BEGIN The data
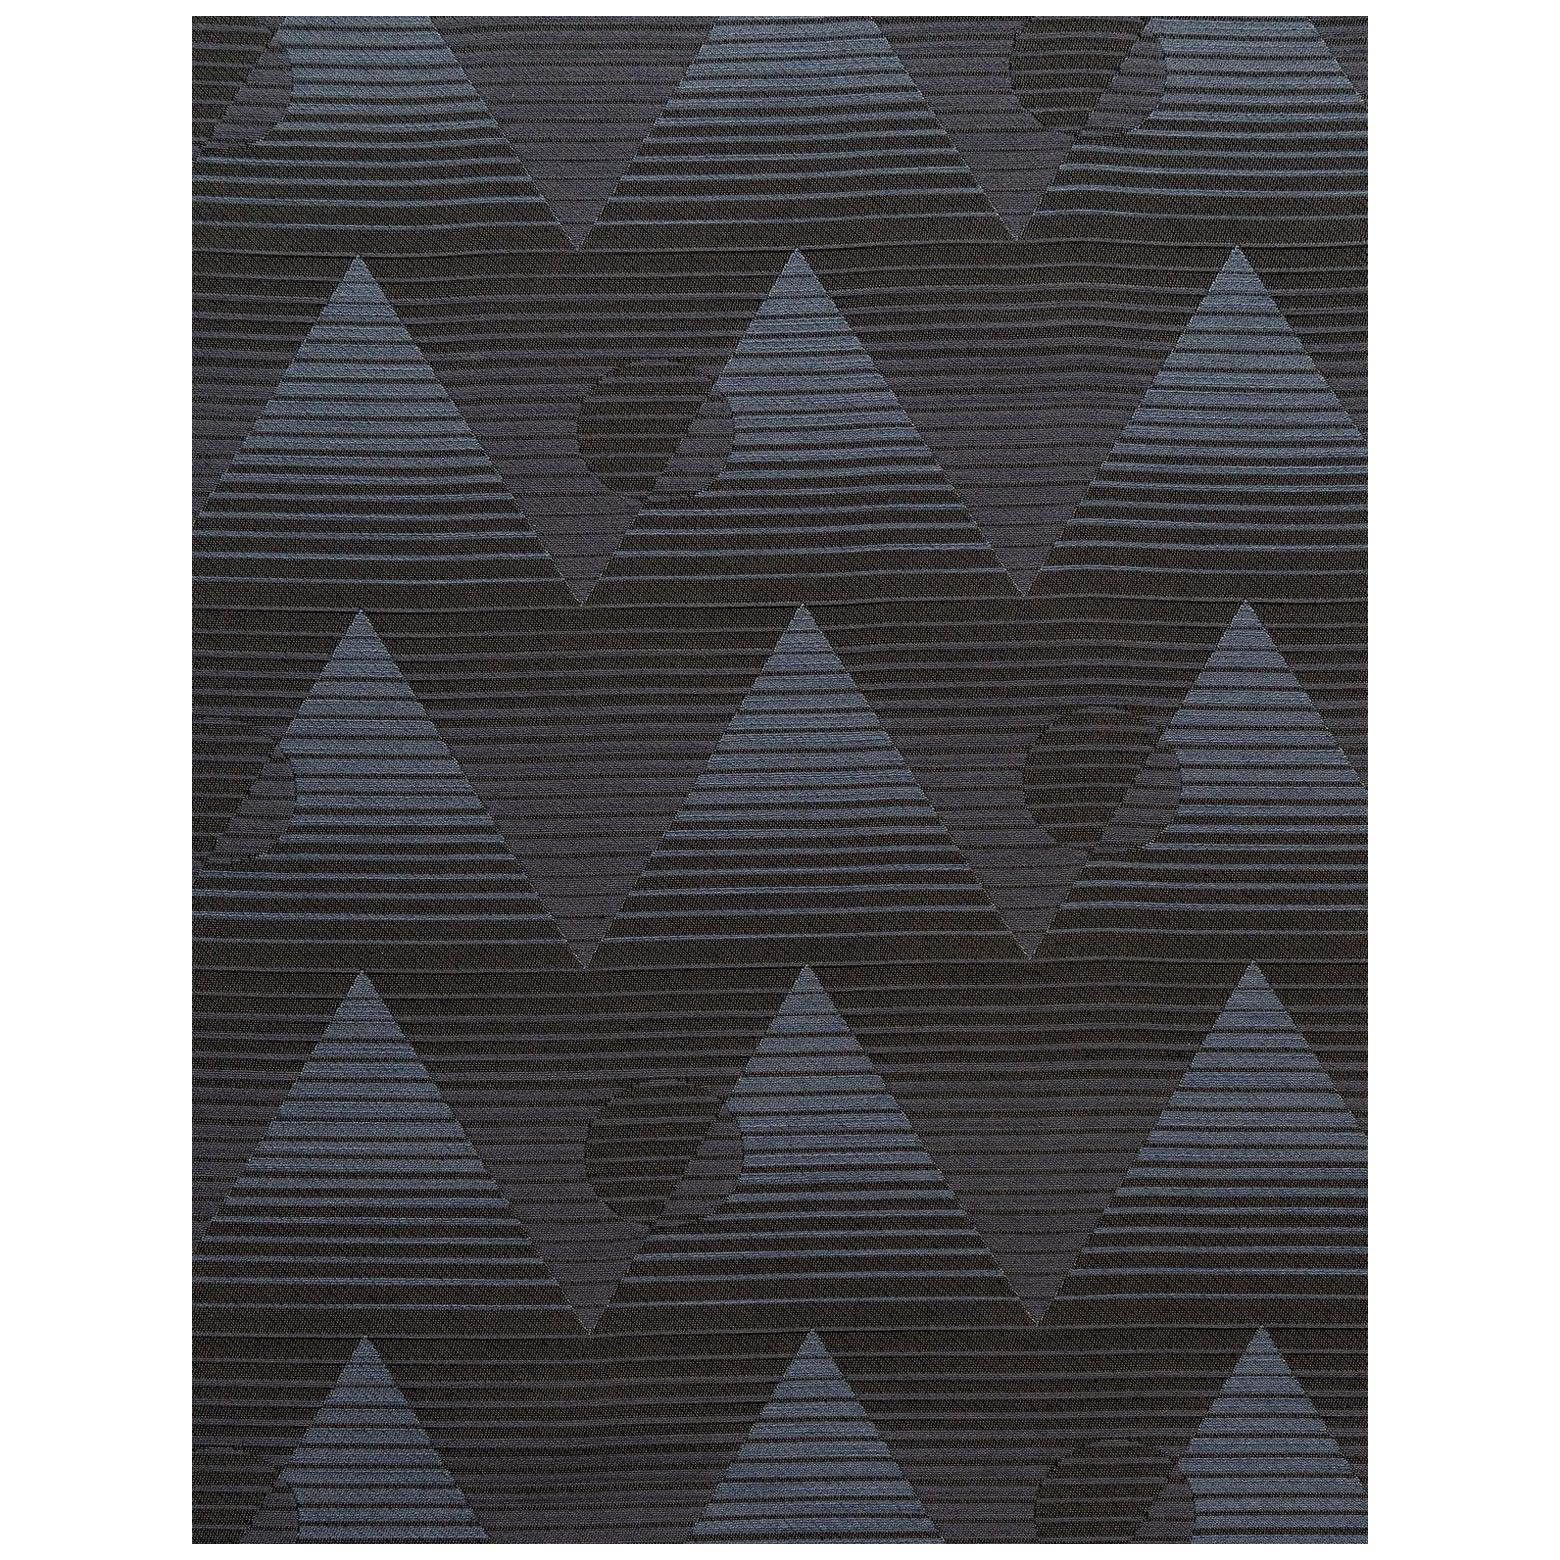 Pyramide du Soleil Woven Commercial Grade Fabric in Dorado, Black and Navy
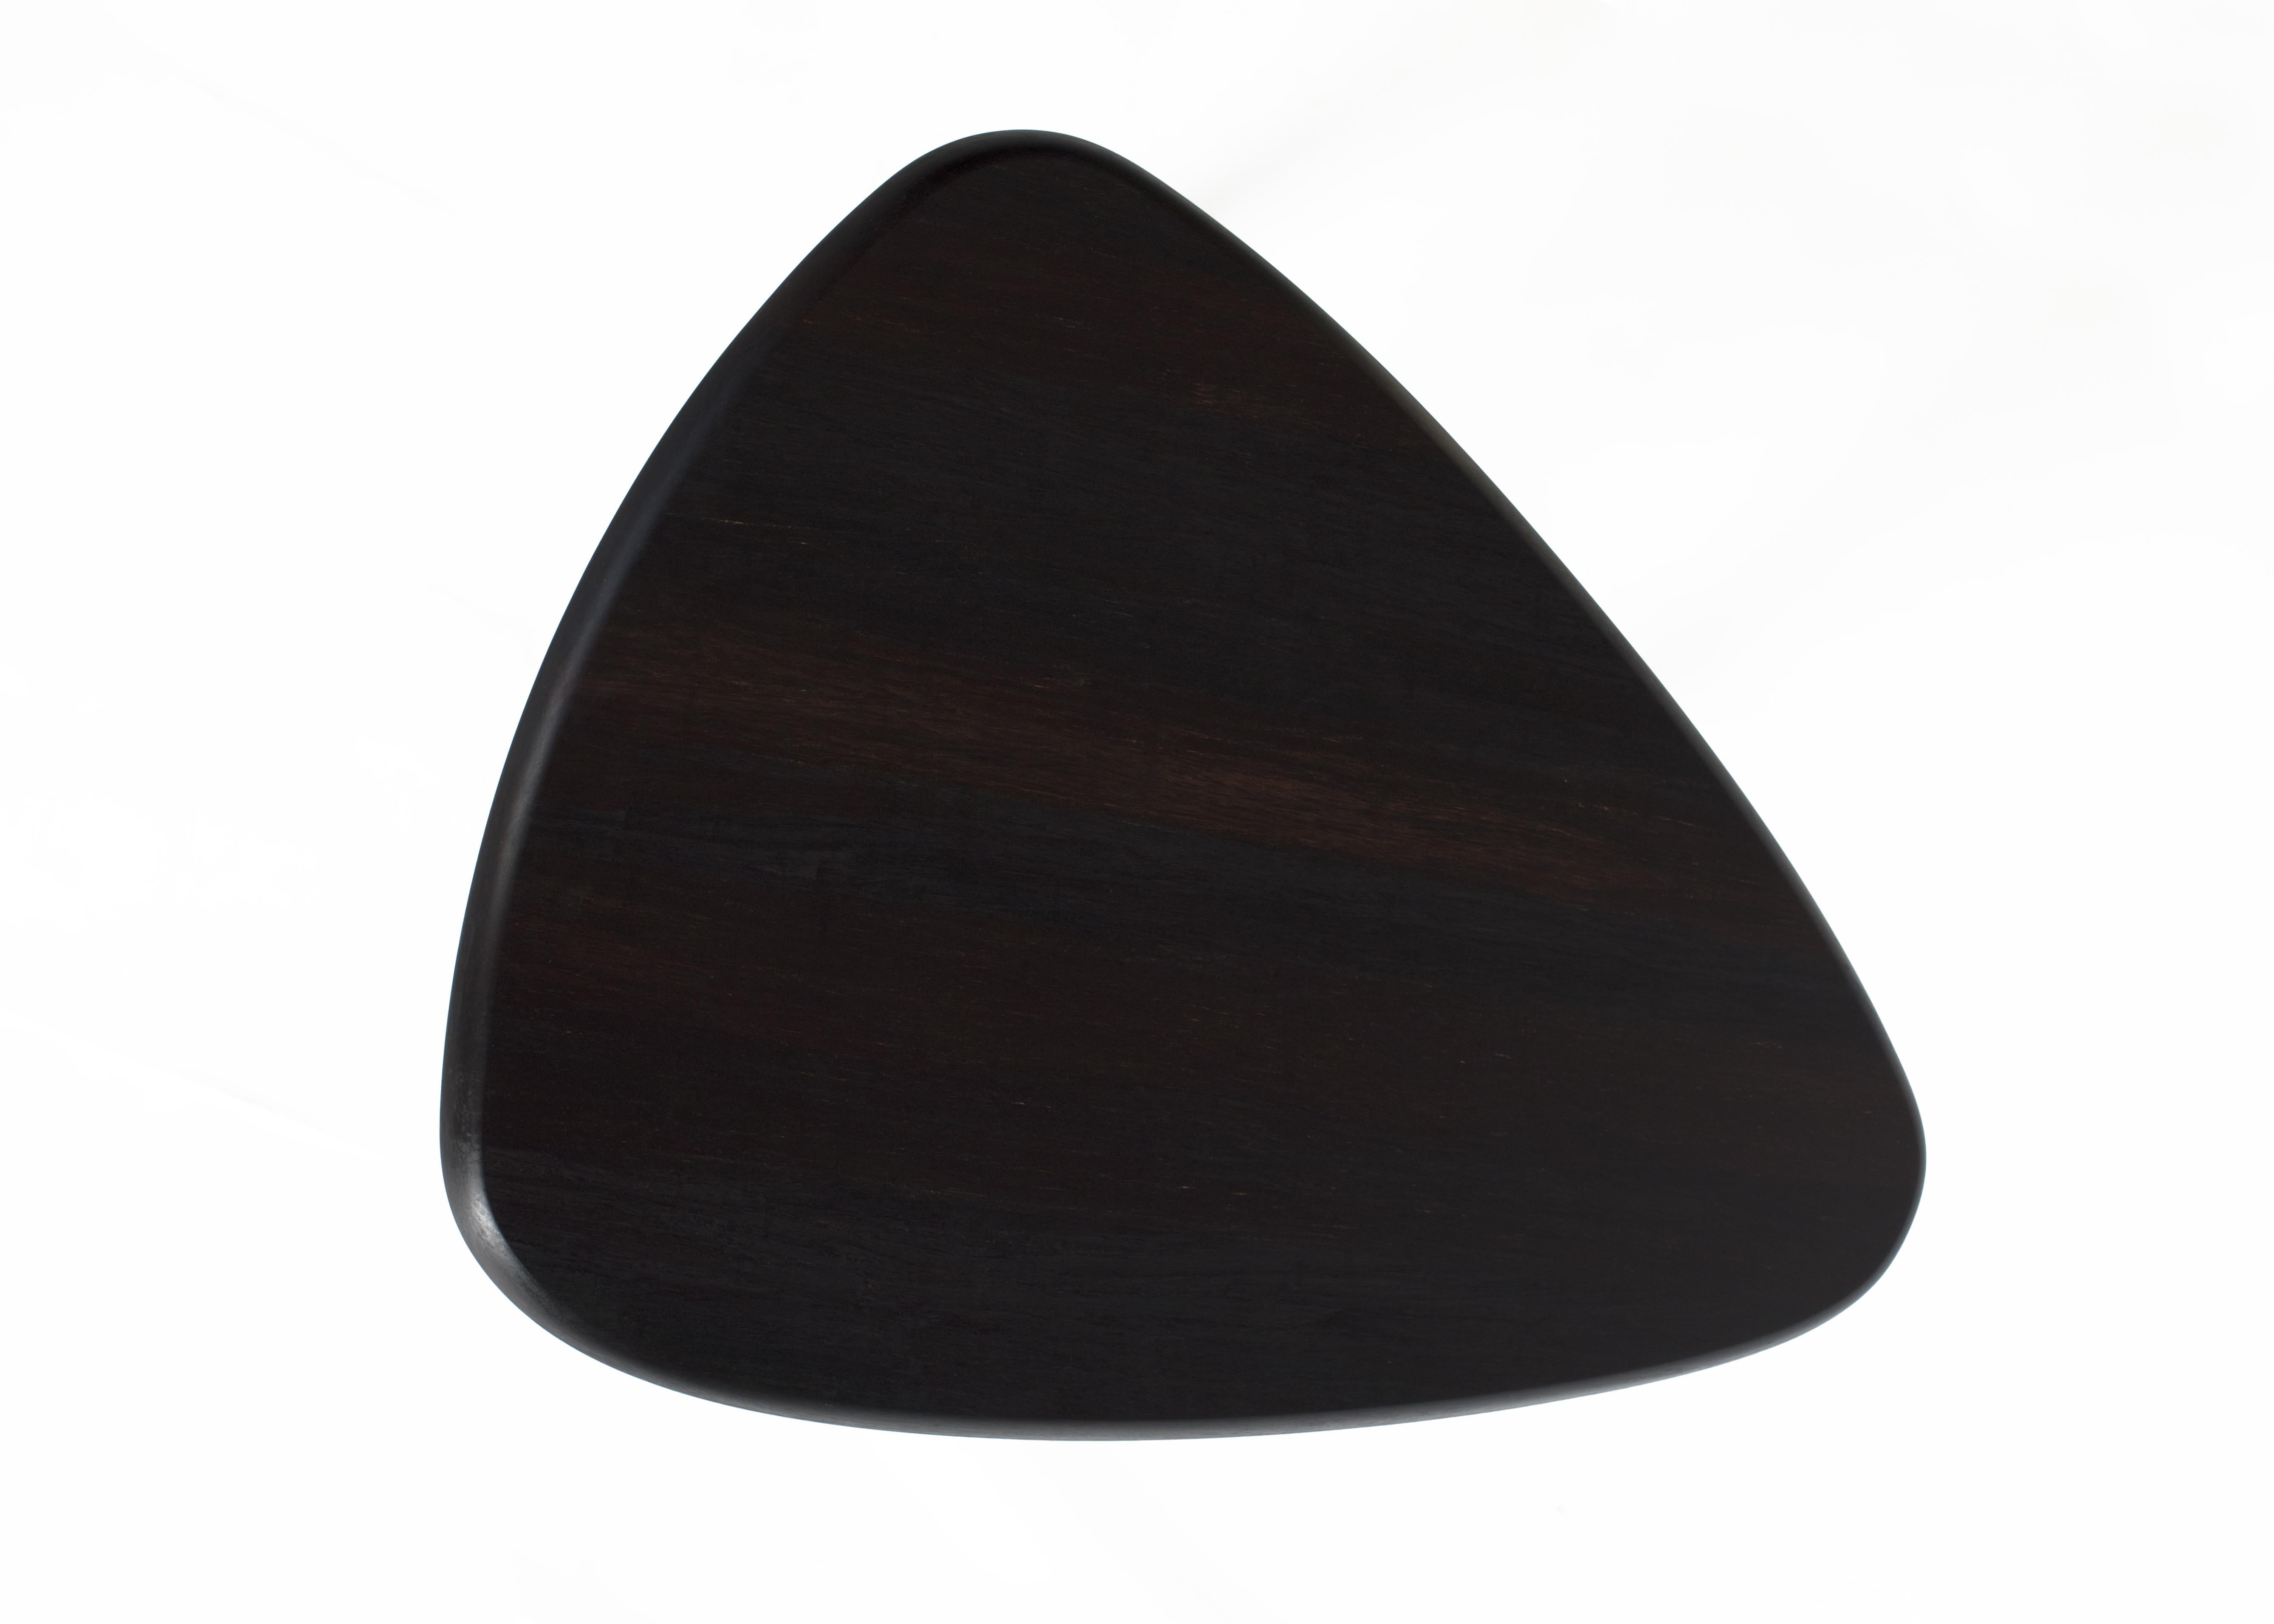 Unique Triangular Coco De Mer Table by Jesse Sanderson In New Condition For Sale In Geneve, CH
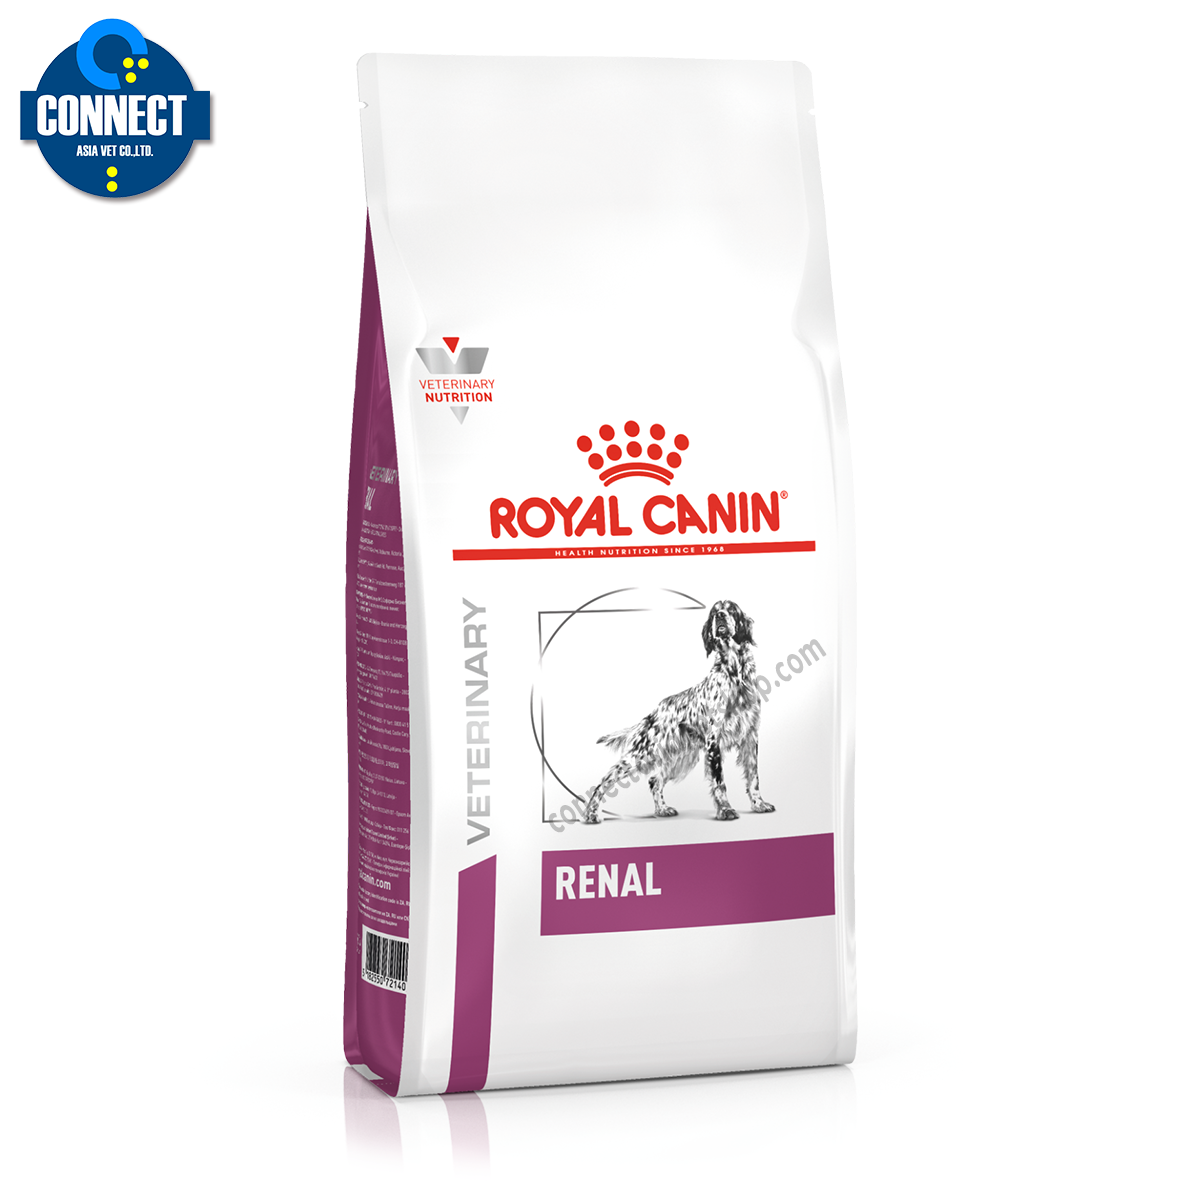 Royal Canin RENAL ขนาดถุง ( 2 kg , 7 kg , 14 kg.  )
END The data
All of the material should be written out again exactly, apart from the pictures.

Your response =>
 Pyramide du Soleil Woven Commercial Grade Fabric in Dorado, Black and Navy
 Unique Triangular Coco De Mer Table by Jesse Sanderson In New Condition For Sale In Geneve, CH
 Royal Canin RENAL ขนาดถุง ( 2 kg , 7 kg , 14 kg.  )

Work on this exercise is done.